Свою солдатскую элитарность радист усмат-ривал не в умении, не в храбрости, а в праве на безделье. Ну что ж, ему, Беркуту, это тоже знакомо. Как много людей, надевших солдатские шинели, так и не поняли, что они солдаты. Впрочем, они и не готовы быть ими – ни морально, ни по уровню своей выучки. А ведь казалось, что до войны их всех обучали, всех готовили.
– Да, на дороге он дрался как черт! – услышал Андрей голос Горелого, когда, оставив группу отдыхать, направился к Отшельнику. – По-моему, лучше, чем только что показывал. Не видел бы своими глазами – не поверил бы.
– А нам перед отправкой что о нем говорили? – ответил старшина. Они с Горелым сидели за валуном и попросту не заметили появления капитана.
– Ну, говорить могут всякое. А пока такого человека своими глазами не увидишь в бою, не поверишь. И что немецкий язык так хорошо знает, тоже с трудом верилось.
«Болтуны, – поморщился Беркут. – Нашли тему для разговора!»
Было еще довольно светло, и хотя большую часть Монашьей тропы скрывал от глаз густой кустарник, все равно появляться на ней сейчас было рискованно: мог заметить кто-нибудь из немцев или полицаев.
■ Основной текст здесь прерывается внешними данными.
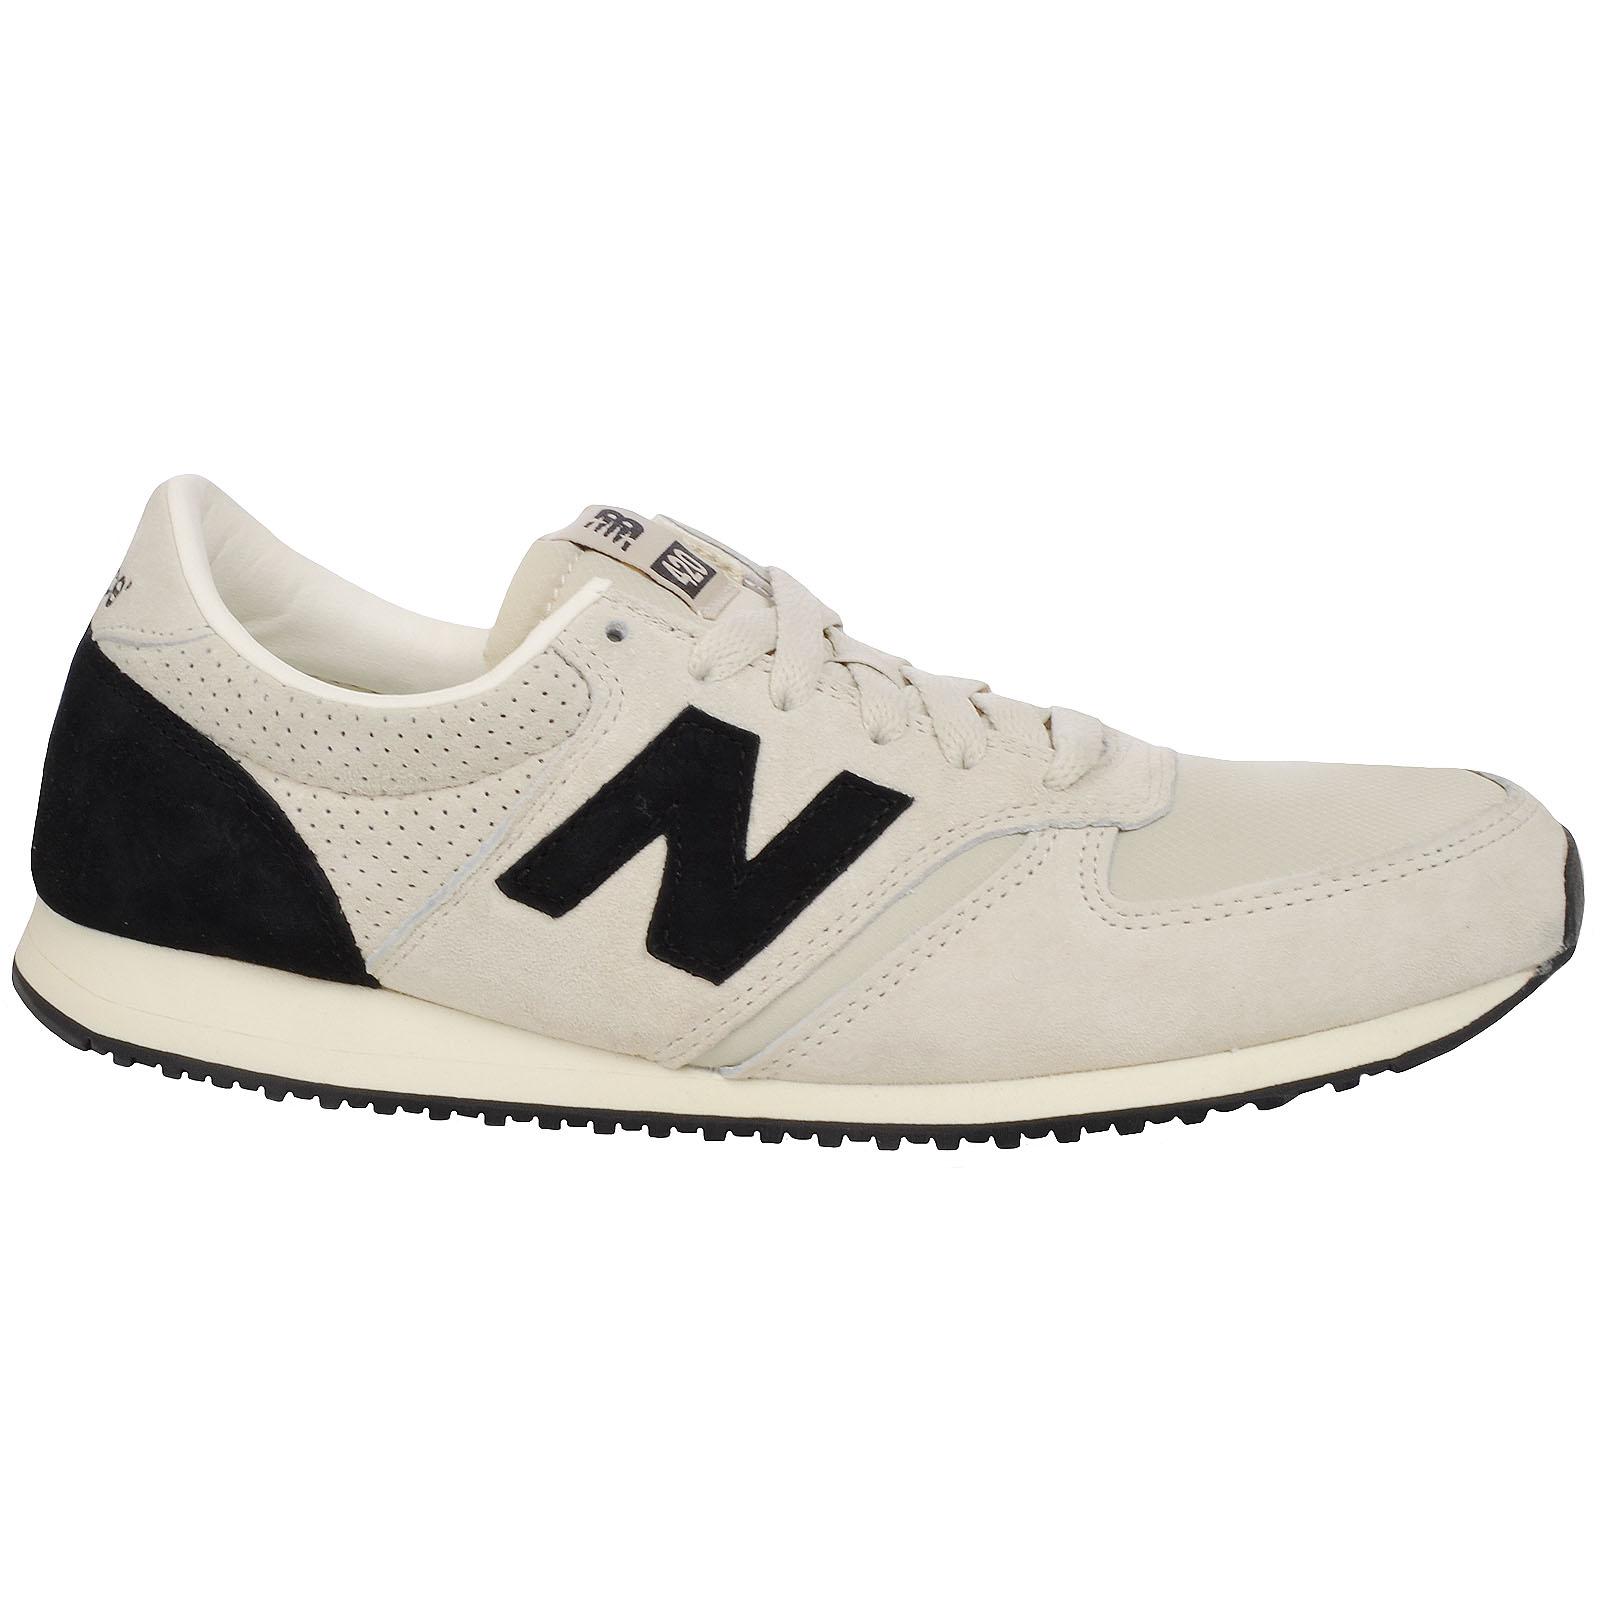 new balance nb 420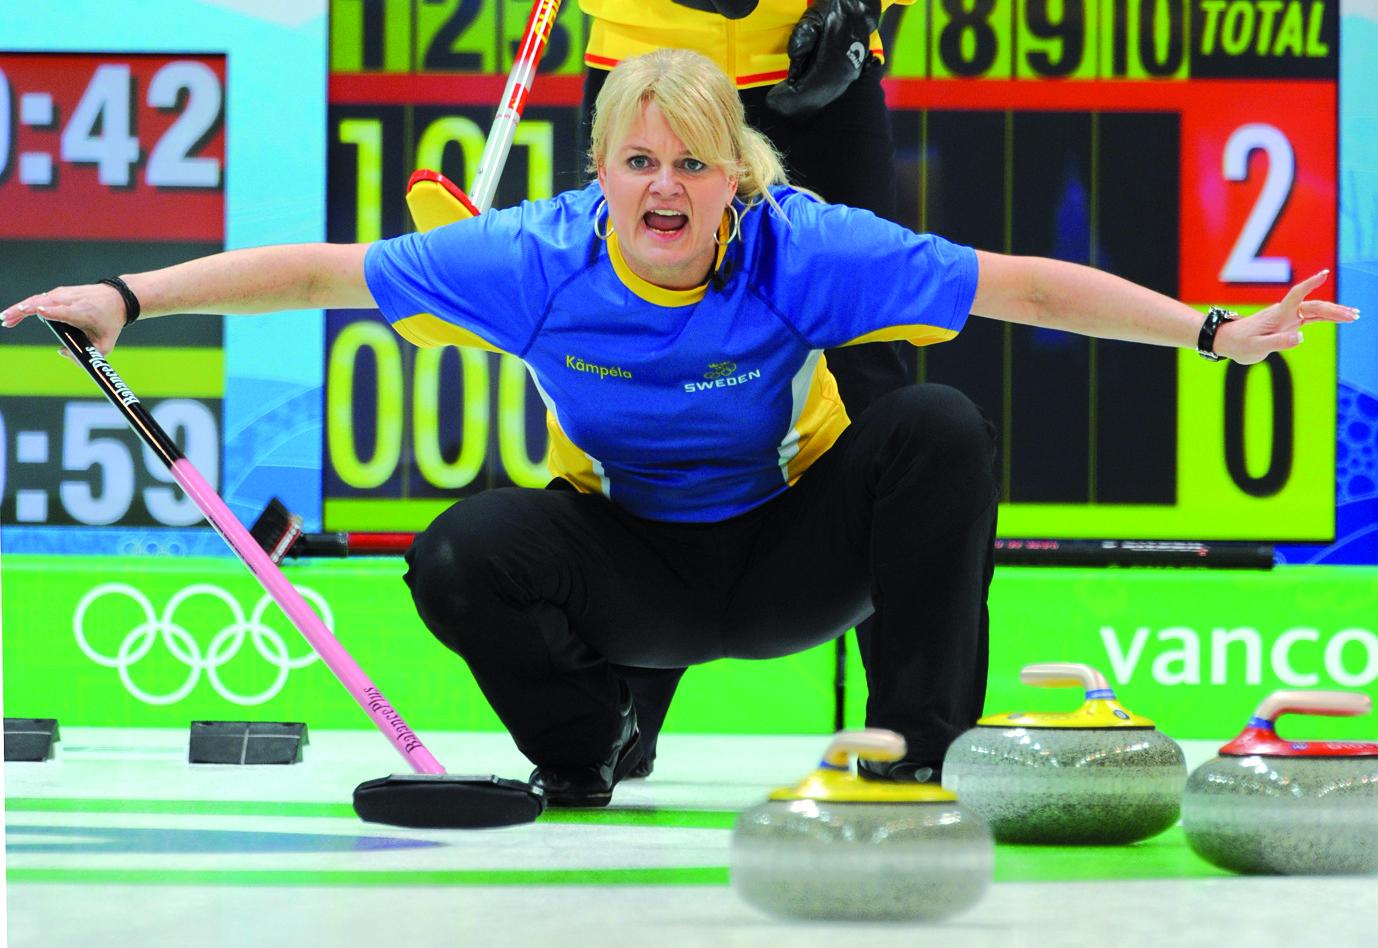 Anette Norberg vad driver anette norberg på och utanför isen? | jessica

Однако, ступив на нее, Беркут уже не сумел удержаться от того, чтобы не проведать Отшельника, который сразу же после операции снова укрылся в своей «пещере-келье» и больше не показывался ему на глаза.
Подойдя к камню, которым Отшельник мог перегородить путь, Андрей обратил внимание, что в этом месте, на гладкой в общем-то поверхности скалы, лучи предзакатного солнца как бы преломляются на стекольно-слюдистых зернышках едва уловимых граней. Чуть отклонившись, он понял, что это грани борозд, которые сливаются в какие-то знаки. Отклонился еще больше и, рискуя сорваться, вернулся чуть-чуть назад.
Поблуждав взглядом по затейливой церковно-славянской вязи, он сумел прочесть написанное в два ряда изречение: «Милосердие к себе – жестокость есть, жестокость к себе – милосердие». «Странная мысль», – подумал он, обходя камень-ворота, и вдруг наткнулся на еще одну надпись, сделанную очень тонко, очень мелким резцом: «Жизнь есть жестокое милосердие Божье».
– Что, Беркут, не согласен с этой мыслью?
– Надпись кажется свежей.
– Она и есть свежая, потому что войною писана.
– Вот оно что! Значит, фраза: «Жизнь есть жестокое милосердие Божье» – твоя работа? И пришло тебе это в голову во время раздумий над надписью, сделанной монахами?
– Эта, первая, надпись сделана не монахами, а моим дедом.
– Тем самым, что вытесал «Распятие» у входа на кладбище на окраине Сауличей?
– Им.
– Талантливым дедом наградила тебя вещая судьба рода.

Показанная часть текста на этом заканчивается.